Does anyone see any obvious problems with what I'm doing....I'm surprised that the double wall isn't better, and am not sure whether I should be looking to grind finer or coarser.

thanks


----------



## grahams999tle (8 mo ago)

Hi, I have the Bambino Plus and a Eureka Mignon Specialta grinder. I have tried various weights of beans but get the best results with 18g. I pull my shots manually using the 2 cup button. My "workflow" goes something like this :-
I put the portafilter into the machine and pull two shots using the one cup button into a milk jug/container. I then remove the portafilter and stand it in the jug/container. This is my attempt to warm things up. I then grind 18g of beans into the portafilter using a dosing funnel. I then sharply tap the portafilter and funnel on a wooden chopping board several times before using a tamper/distributor set at the depth of the razor to tamp the coffee in the portafilter. Using this method I lose very little of the coffee grounds. I put the portafilter in the machine and my cup on some scales under the portafilter. I press and hold the 2 cup button and when the pump kicks in I start my timer (still holding the button in). After about 7 seconds you will hear the pump noise change, this is because holding the button gives you a lower pre-infusion pressure and after 7 seconds it will ramp up to full pressure. Now I let the machine do its thing (release the button) until my scales show about 33/34g of coffee. I then press the 2 cup button to stop the pump, the final drips will normally take the weight to 36g or thereabouts. If you have got your grinder dialled in, then you should be stopping the pump in the desired range of 24 to 32 seconds. Use the grinder to adjust the desired time/taste by grinding finer/coarser. This is working consistently for me with a variety of beans. I do not obsess with getting the weight out or extraction time exactly right as I find the taste is good enough for my palate a few grams or seconds either way. Good luck and hope you enjoy your coffee.


----------



## grahams999tle (8 mo ago)

Forgot to mention, using the original Bambino Plus portafilter and 2 cup single wall basket.


----------



## Big Denzil III (8 mo ago)

Thanks, graham - I need to get a proper dosing funnel (mines wrong size) so I can distribute & tamp without losing the coffee (My current workflow leaves me with 17.n.) 
Do you warm the basket? I’m currently warming the pf and the basket but I suspect my main issue is the grind size.

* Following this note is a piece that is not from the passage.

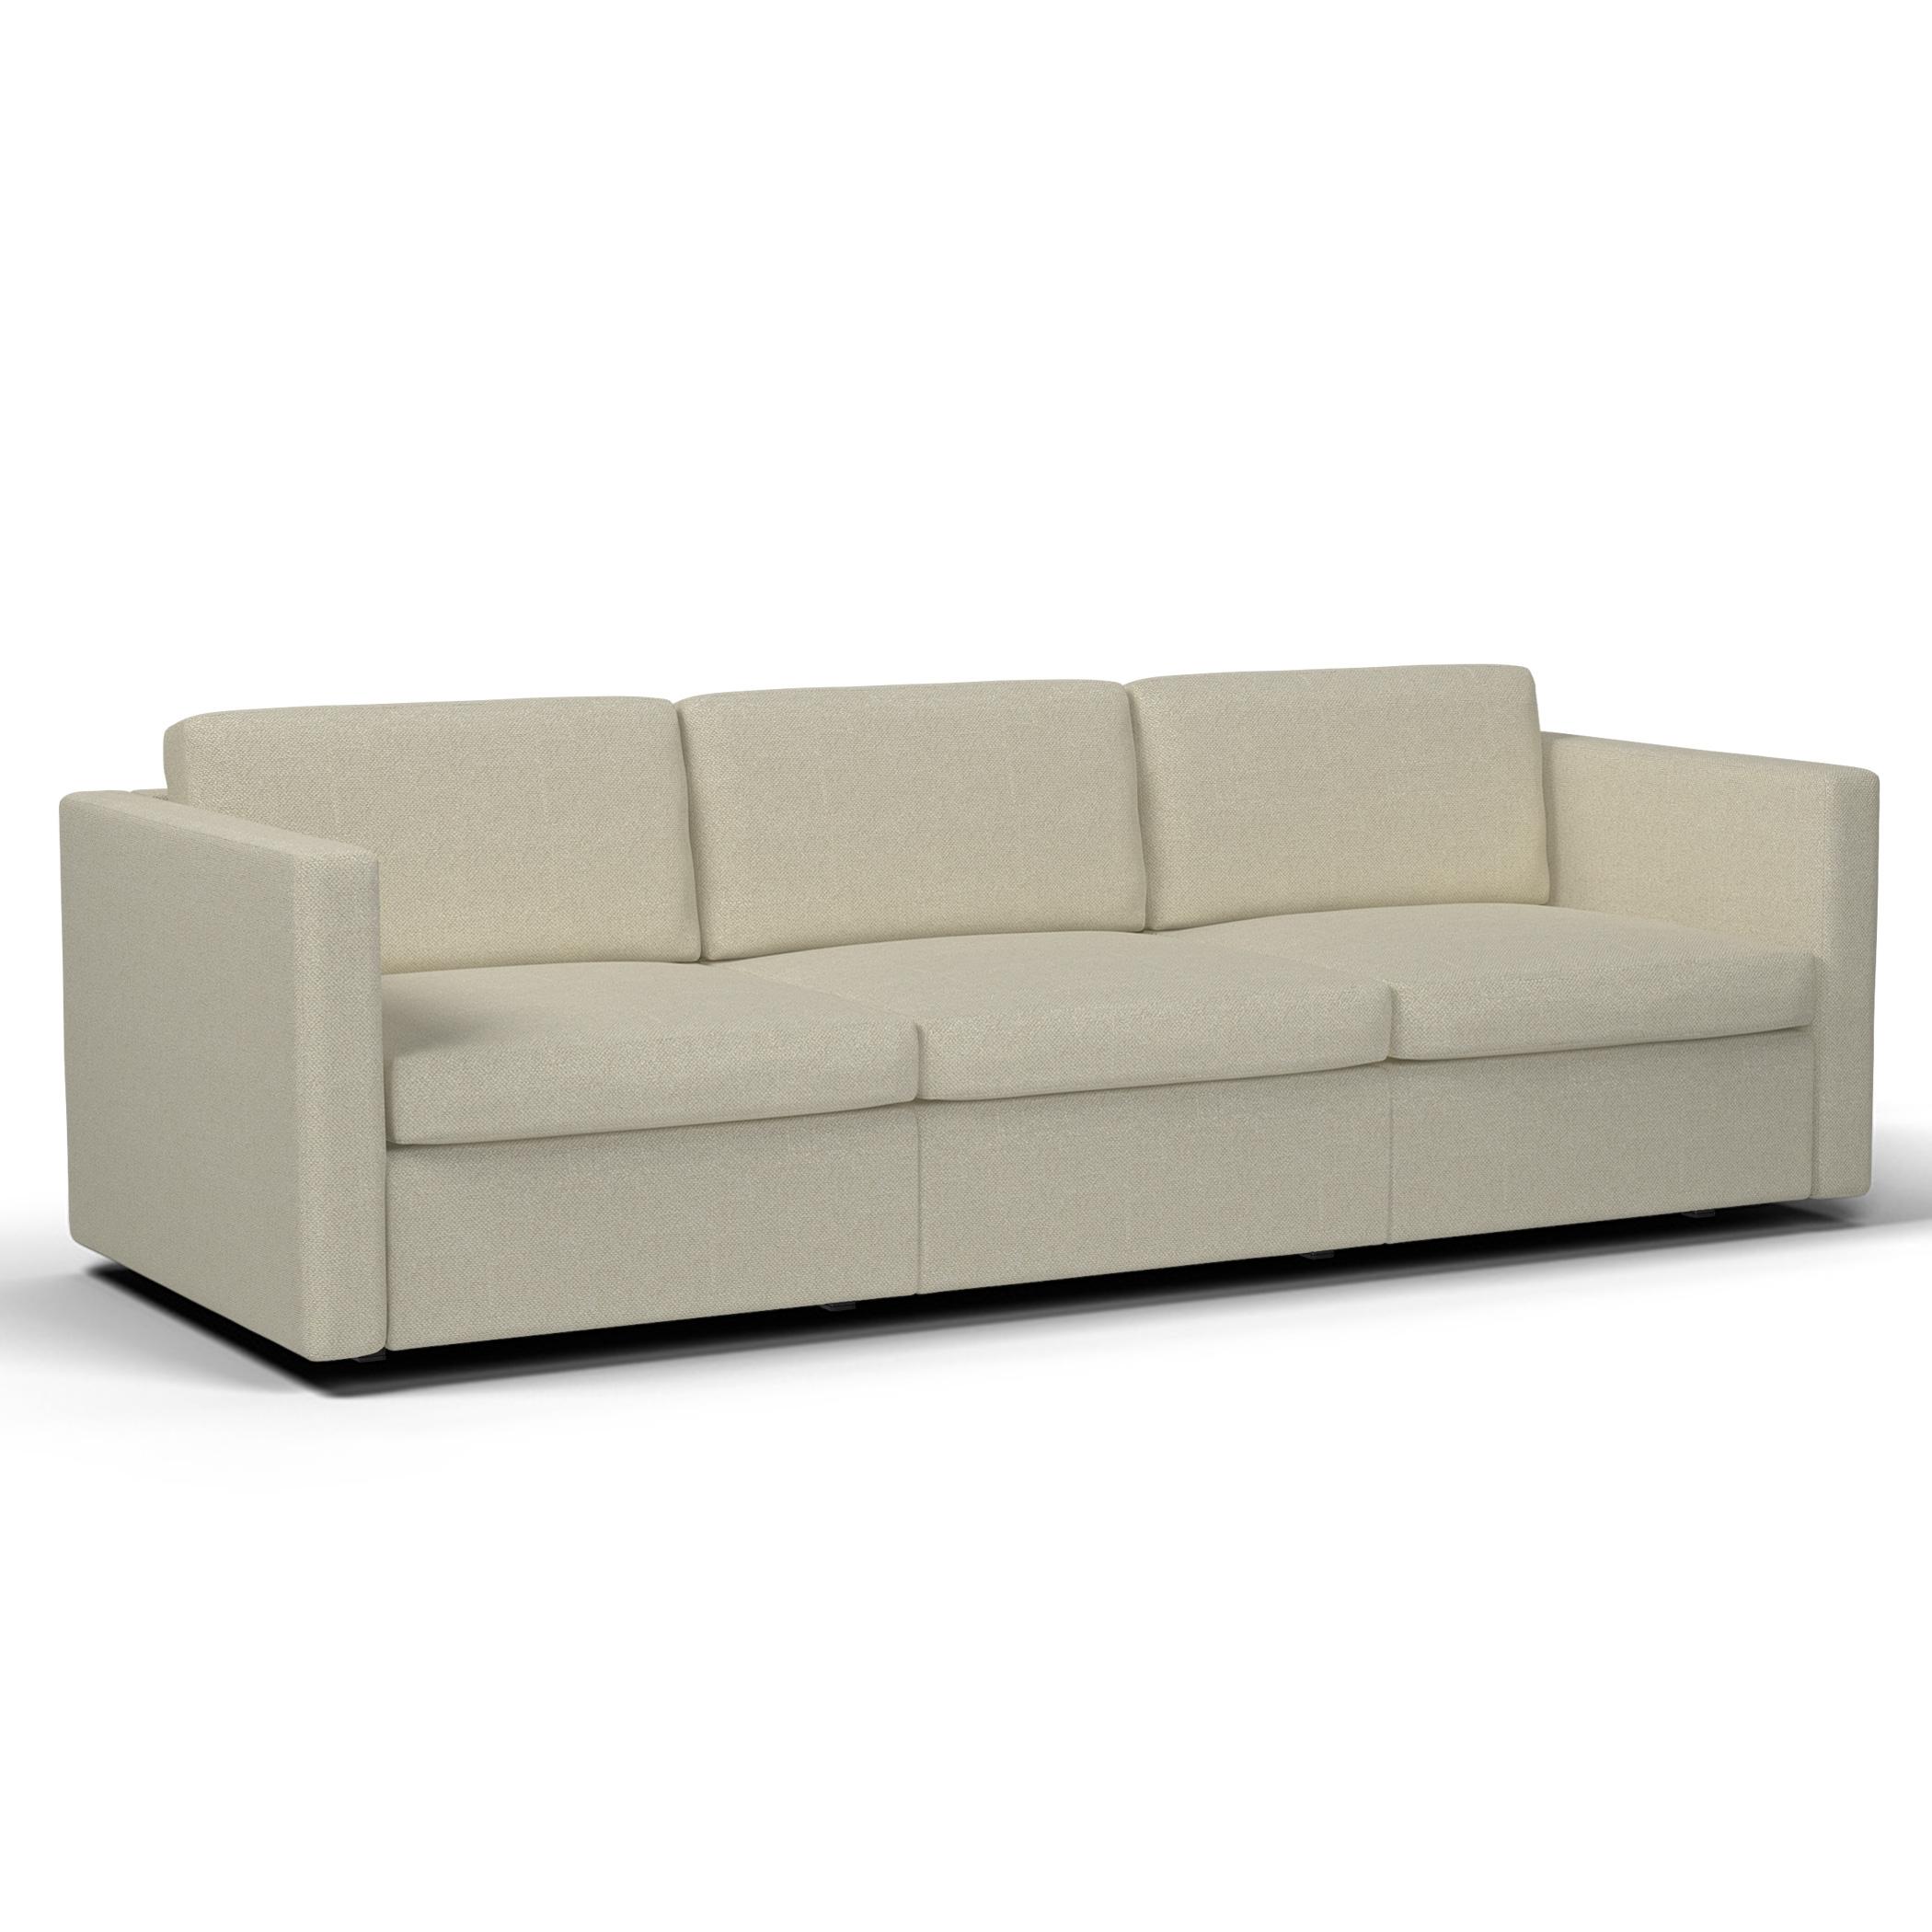 Pfister Sofa Retail Price 6506

(I got 50g from the double wall using random pre-ground today. I’d like the option. I’m also going to try an ESE pod, as I really cba to manually grind first thing in the morning …

thanks


----------



## grahams999tle (8 mo ago)

Have a look at this funnel, I bought one. It is heavy but well made.
KongLyle 54mm Espresso Dosing Funnel Stainless Steel Coffee Dosing Ring Compatible with 54mm Portafilter https://amzn.eu/d/aukuhFk


----------